Based on the above indicators, we can roughly assume that the potential fund inflows of Ethereum spot ETFs are expected to reach 20%-30% of the Bitcoin spot ETFs in the same period.
Of course, given that the current regulatory requirements for Ethereum spot ETFs prevent them from incorporating staking returns, this limitation may weaken investor demand in the short term.
In addition, when analyzing the fund inflows of Ethereum spot ETFs, an important factor that cannot be ignored is the important impact of Grayscale Fund's Ethereum Trust (ETHE).
The performance of Grayscale's Bitcoin Trust (GBTC) over the past six months can be used as a reference. Before its conversion to a Bitcoin spot ETF, GBTC held approximately 620,000 Bitcoins (approximately 3.1% of Bitcoin's supply) and managed total assets of approximately $30 billion. The subsequent conversion to an ETF created an opportunity for investors who had previously purchased GBTC at a discount to exit or transfer to an ETF with lower management fees.
As a result, GBTC's Bitcoin holdings decreased by approximately 55% to 270,000 Bitcoins, which objectively put downward pressure on Bitcoin's price.
The Grayscale Ethereum Trust (ETHE) held approximately $10 billion in assets under management before its launch, equivalent to approximately 3 million Ethereum (2.5% of Ethereum's supply). Although ETHE may experience similar outflows, two aspects are taken into consideration:
First, with the approval of the ETF in May, the discount on ETHE's net asset value has narrowed rapidly, and investors have enough time to exit at a price close to par value;
Second, the Ethereum Mini Trust (ETH) charges only 0.15% in fees, providing fee-sensitive investors with the option to transition to this low-cost product, and 10% of ETHE has been transferred to the new mini trust product as seed funds.
Therefore, these factors are expected to largely alleviate the willingness of ETHE holders to sell, thereby reducing the possibility of outflows from the ETF.
3. How will the Ethereum spot ETF affect the crypto market?
If the inflow of funds into the Ethereum spot ETF reaches 30% of the Bitcoin spot ETF in the next six months, then at the current price, the inflow of $4 billion means that by the end of this year, 1% of the ETH in circulation will be held by the Ethereum spot ETF. This is obviously conducive to boosting the price performance of Ethereum in the second half of the year.

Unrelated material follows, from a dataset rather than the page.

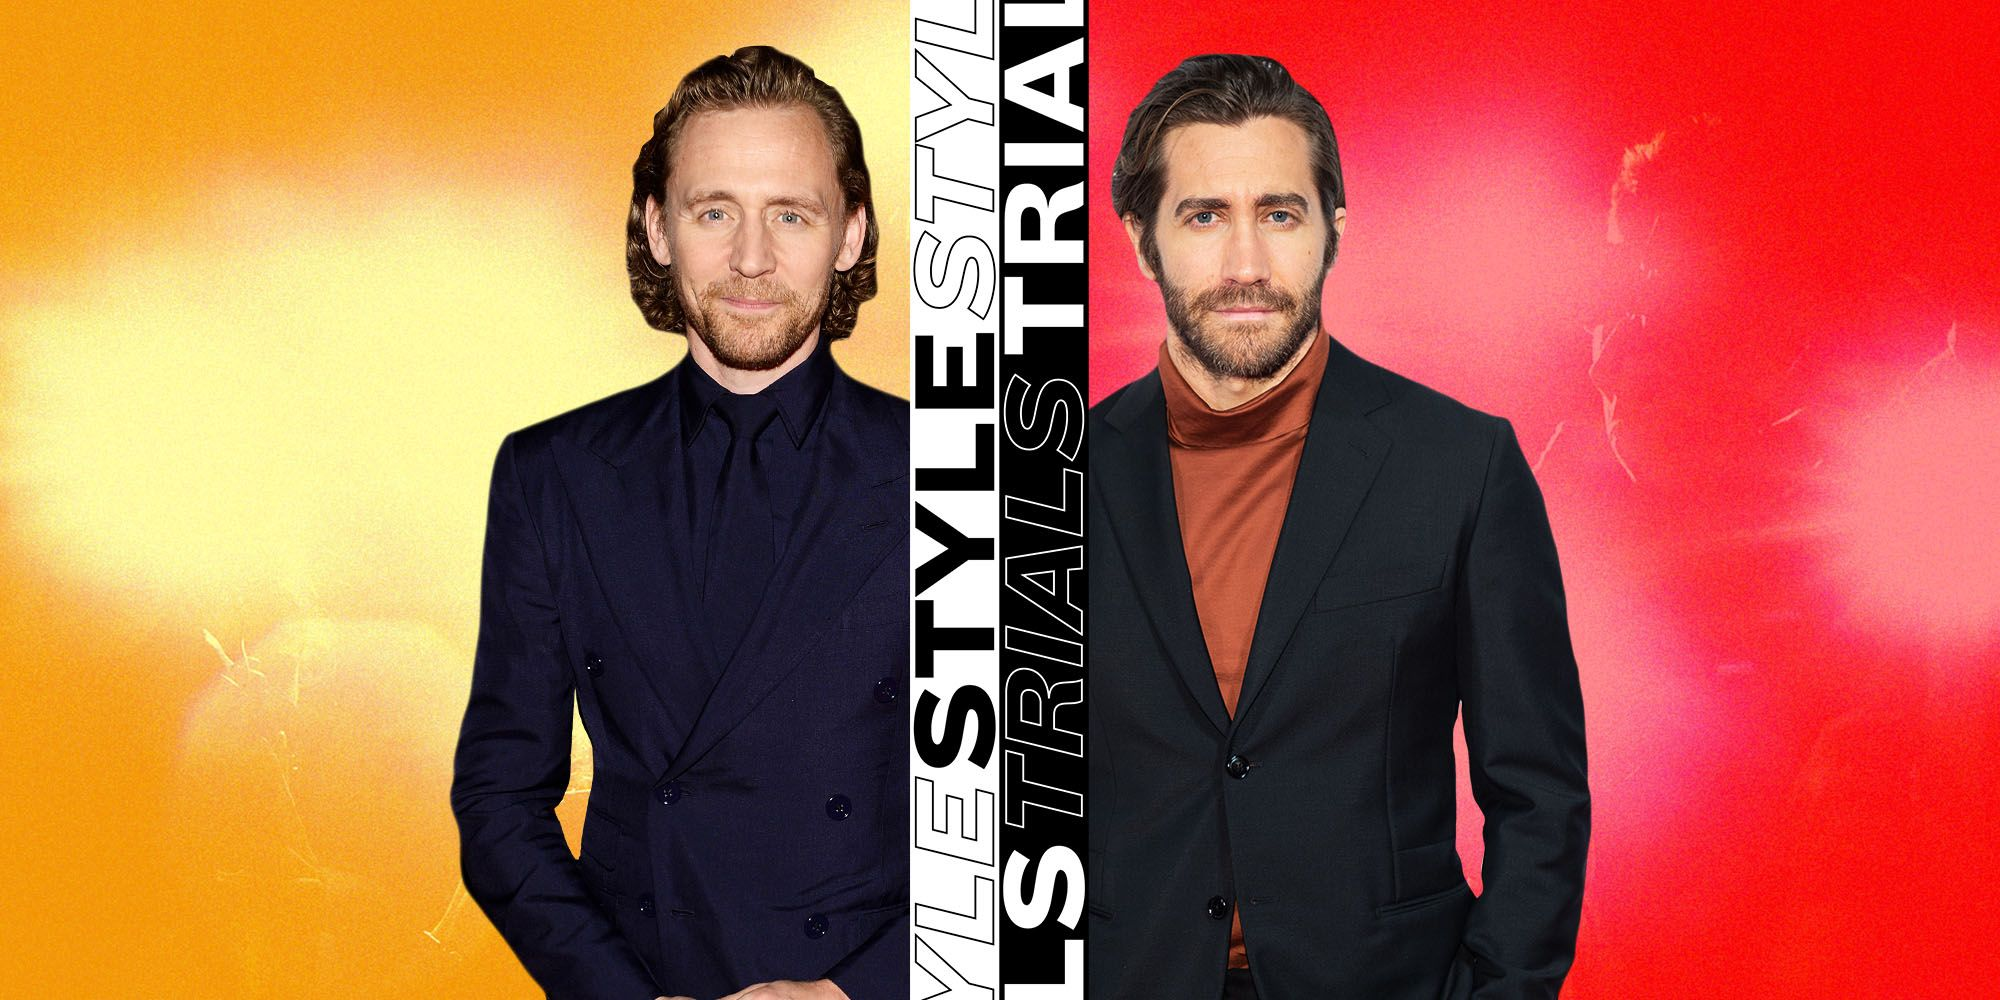 Style Trials 2019: Tom Hiddleston vs. Jake Gyllenhaal

Historical experience shows that the tens of billions of dollars flowing into Bitcoin through ETFs have an important stimulating effect on the rise in Bitcoin prices in the first half of 2024. Moreover, the market volatility during this period has allowed crypto ETF investors to deal with it calmly. Even during the period of large price adjustments, funds did not panic, which is also a stabilizing factor for new investors who are committed to long-term investment and intend to choose Ethereum spot ETFs.

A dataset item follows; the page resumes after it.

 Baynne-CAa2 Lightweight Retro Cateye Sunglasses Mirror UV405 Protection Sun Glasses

Not to mention, the participation of traditional financial giant BlackRock in the issuance and the regulatory approval of the US SEC have once again brought solid and important credit endorsements to the crypto industry.
4. Conclusion
The RockFlow investment research team believes that while the market's initial focus may be on the price performance of Ethereum spot ETFs, their true impact will gradually emerge in the coming months. The batch listing of Ethereum spot ETFs this time marks a new key milestone in the expansion and maturity of the crypto asset market.

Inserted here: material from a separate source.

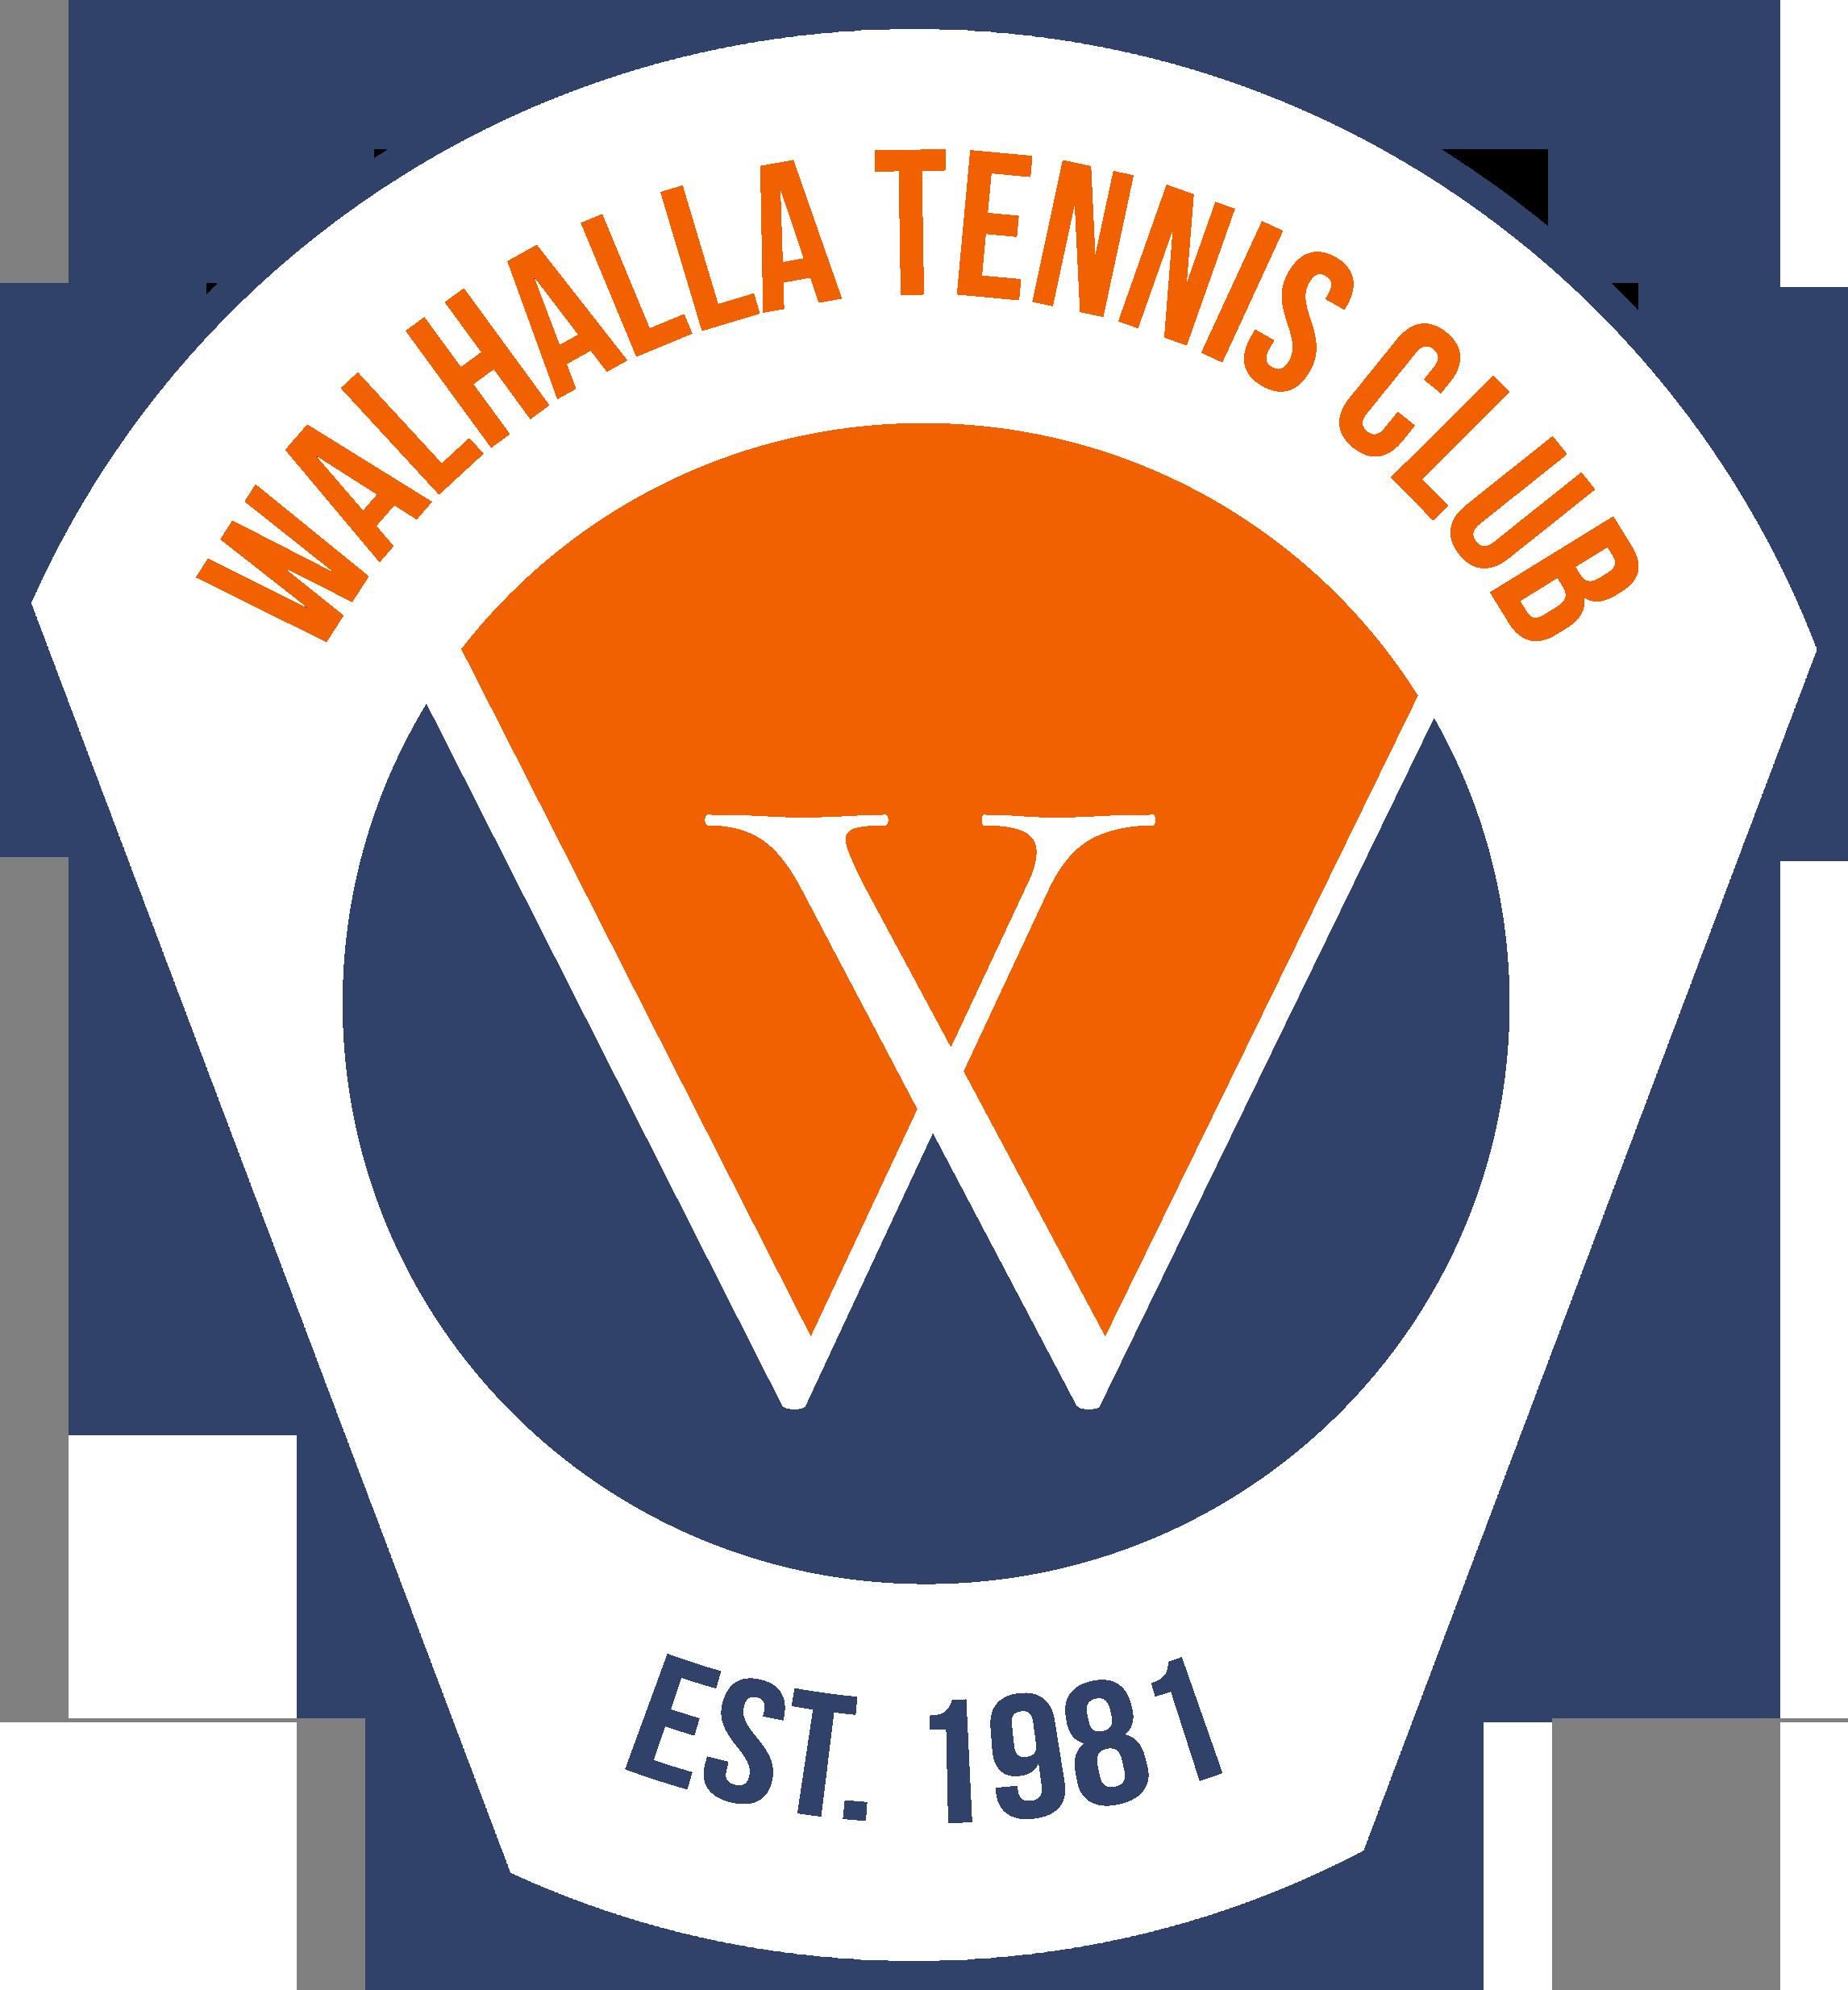 GTC Walhalla

From Bitcoin spot ETF to Ethereum spot ETF, we can see that the institutionalization of the crypto market is becoming more perfect. By making cryptocurrencies more suitable for institutional capital such as pension funds, hedge funds and investment banks, the crypto market's position in the financial mainstream is further established. And now may just be the beginning: some analysts say the next one may be the listing of Solana ETF or a fund representing multiple tokens.